Work instructions - Exactly the lines below starting at the line with "Washburn House di" and ending at the line with "Kleding Gender-neutrale kleding" are wanted, with both ends included. Leave out the pictures and add no other lines.

Supplied information -
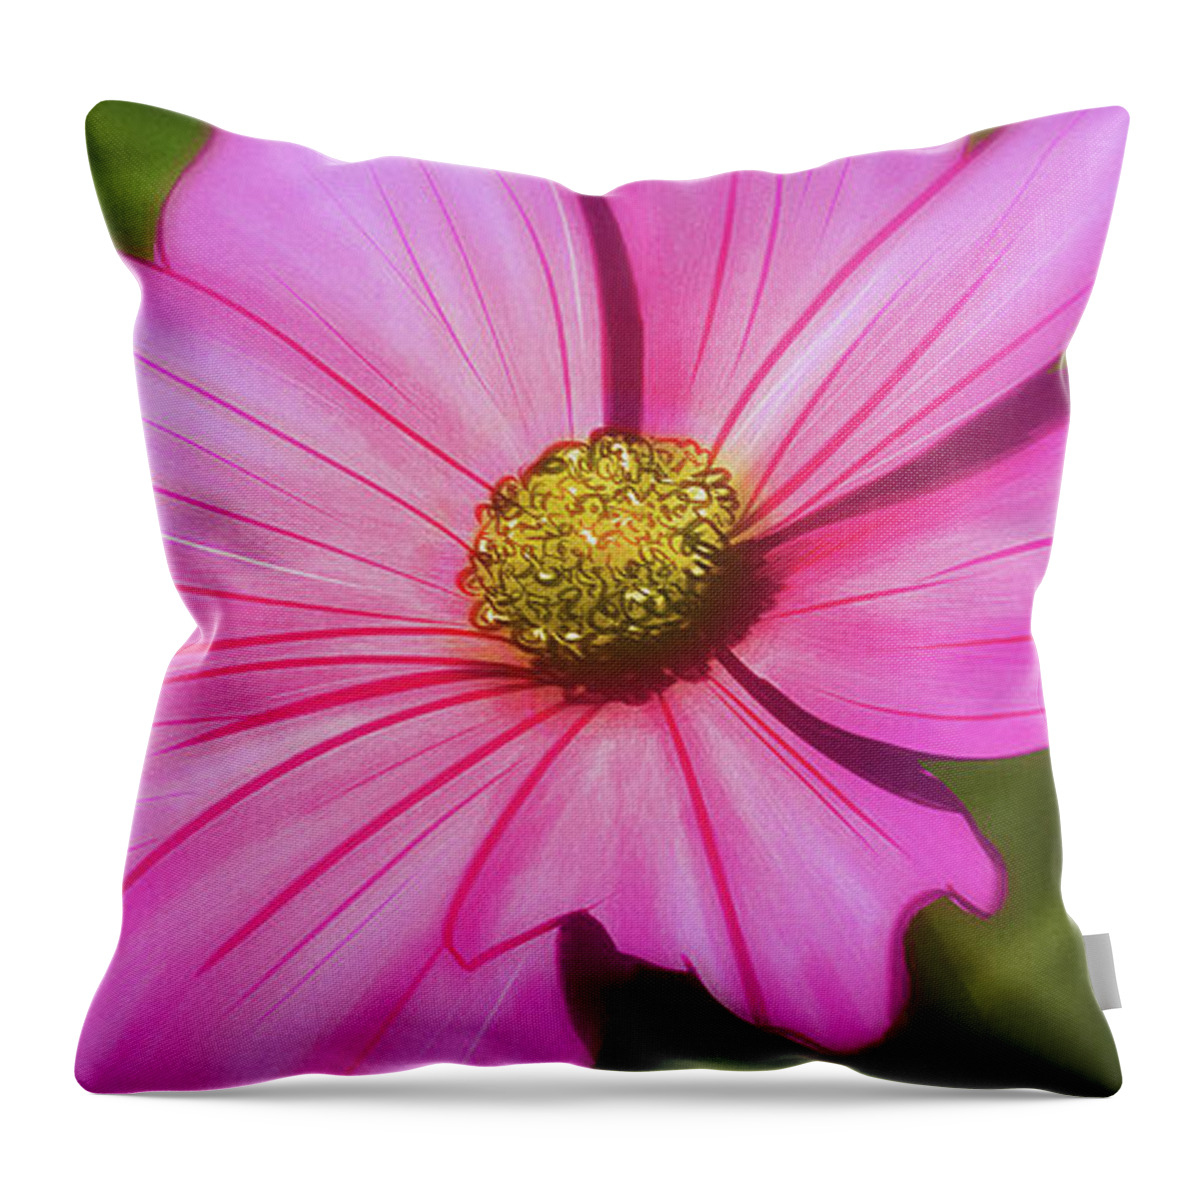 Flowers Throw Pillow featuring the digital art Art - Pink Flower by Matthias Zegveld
* * *
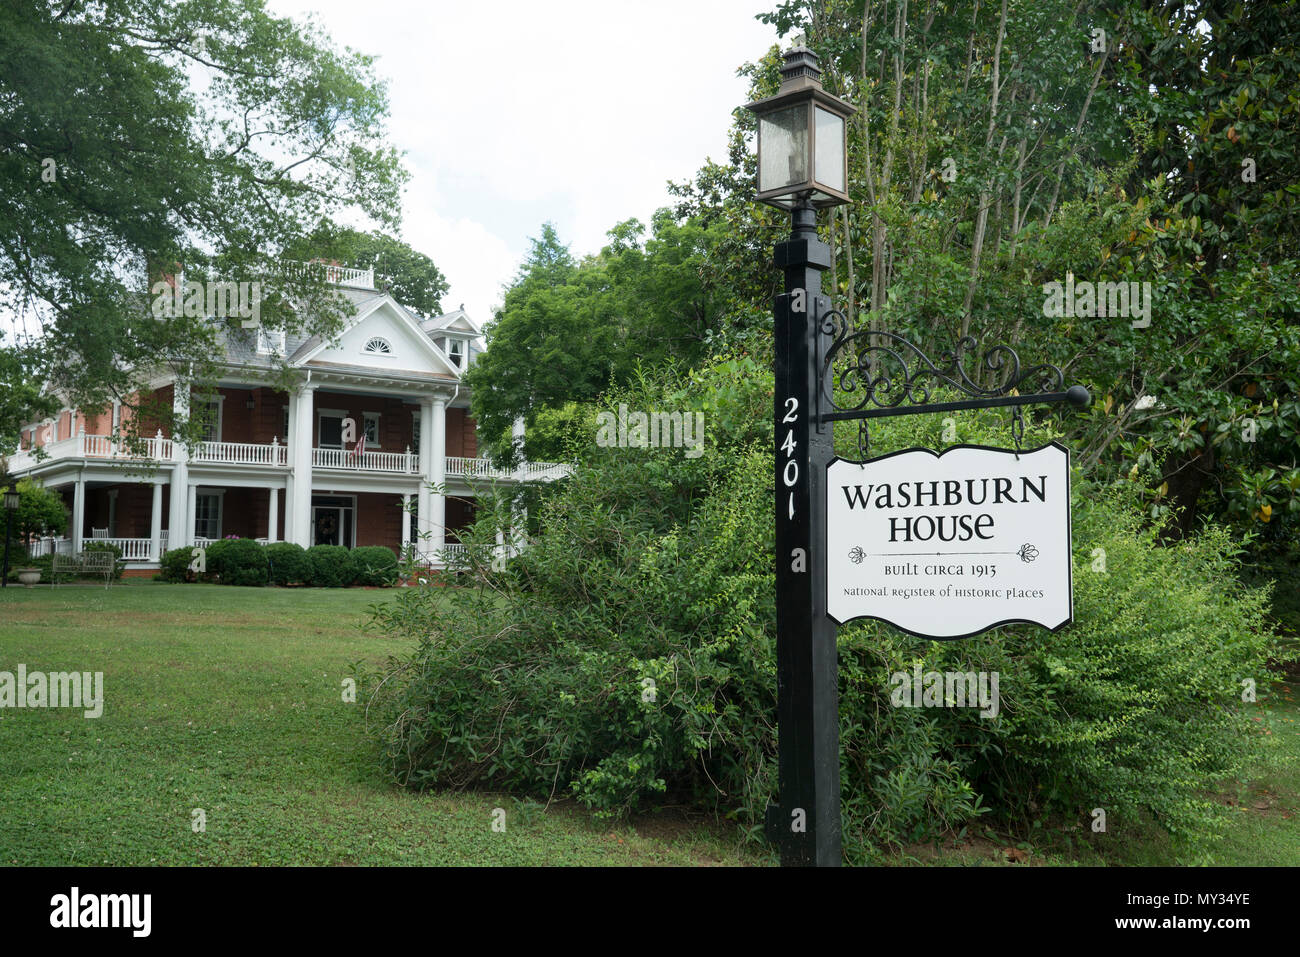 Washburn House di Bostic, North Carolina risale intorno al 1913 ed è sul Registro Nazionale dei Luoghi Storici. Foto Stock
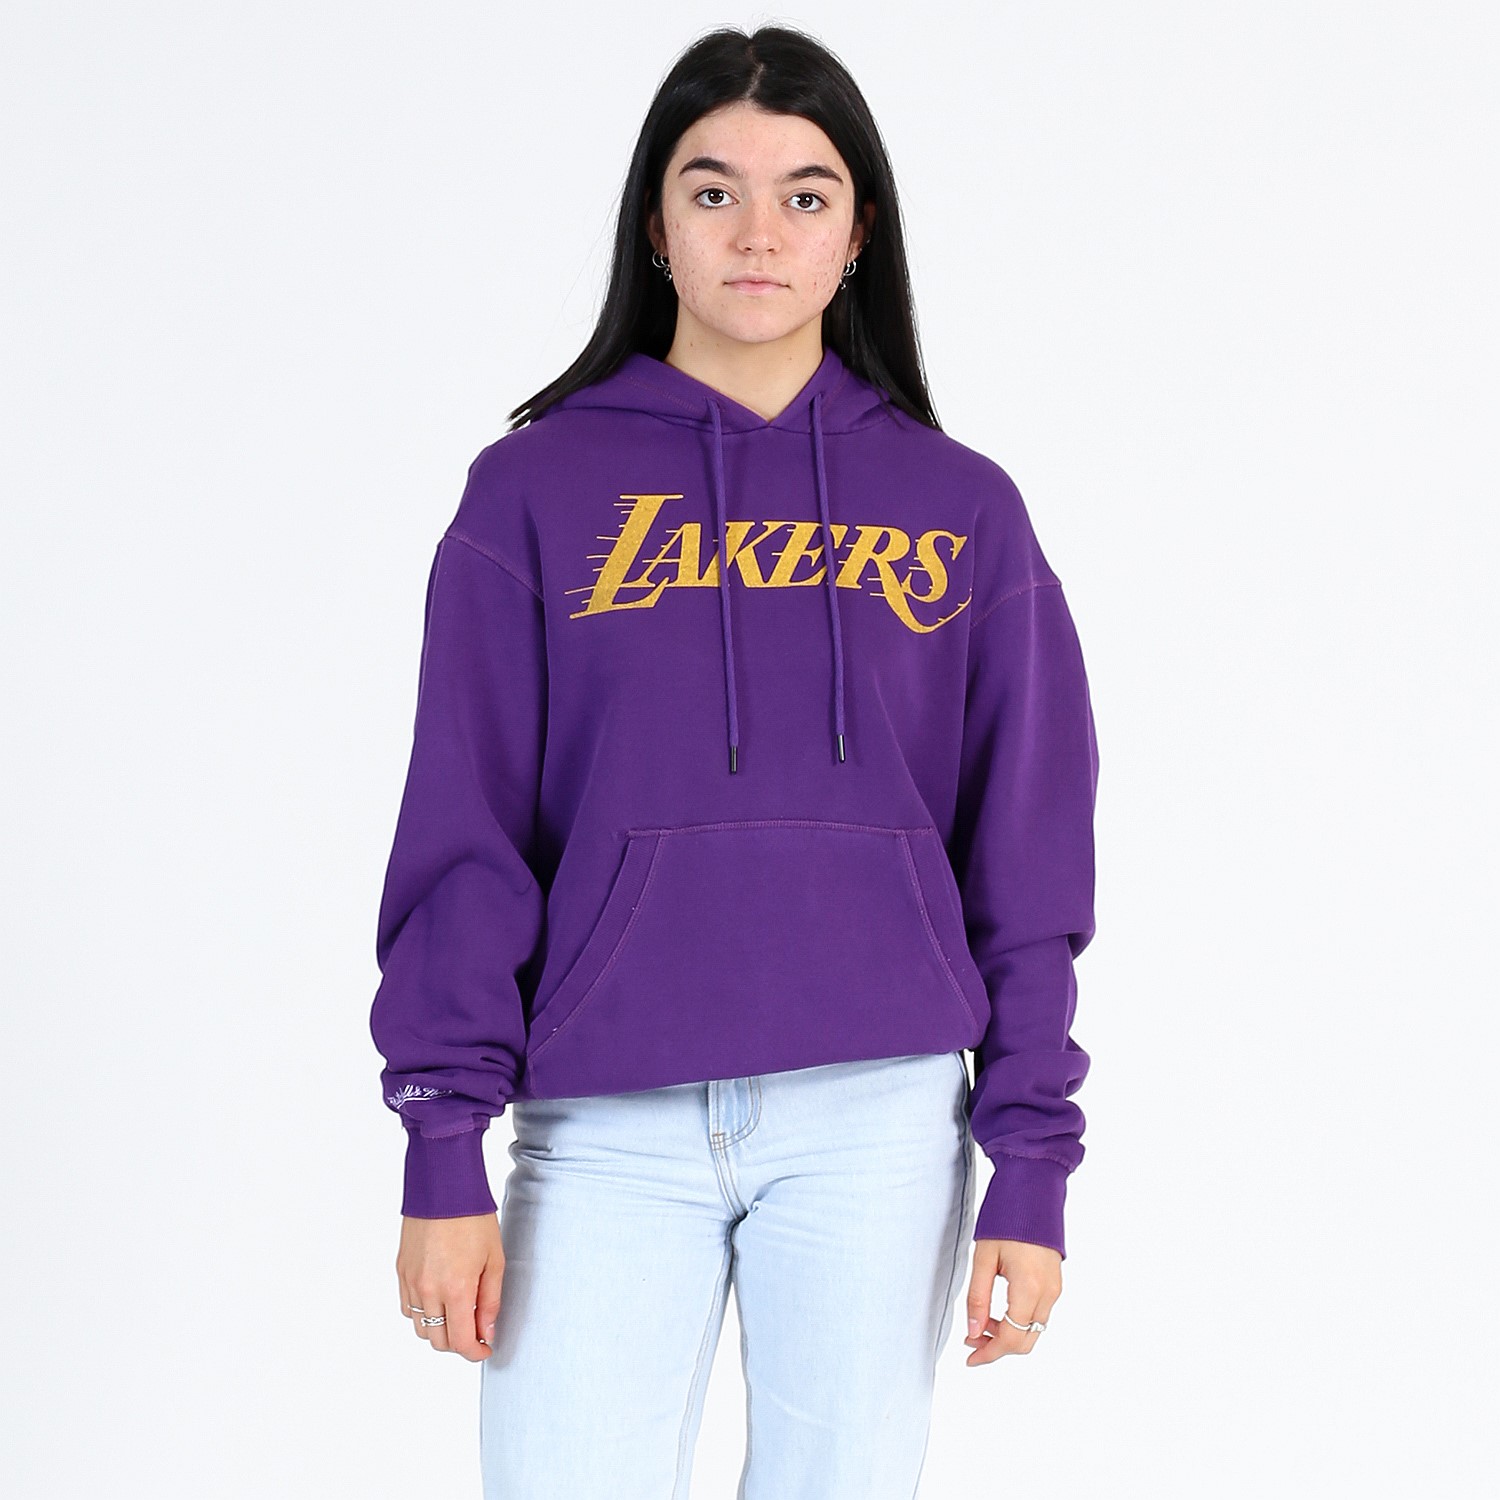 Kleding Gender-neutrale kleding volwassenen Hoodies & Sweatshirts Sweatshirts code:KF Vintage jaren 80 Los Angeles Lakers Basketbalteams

Answer -
 Washburn House di Bostic, North Carolina risale intorno al 1913 ed è sul Registro Nazionale dei Luoghi Storici. Foto Stock
 Kleding Gender-neutrale kleding volwassenen Hoodies & Sweatshirts Sweatshirts code:KF Vintage jaren 80 Los Angeles Lakers Basketbalteams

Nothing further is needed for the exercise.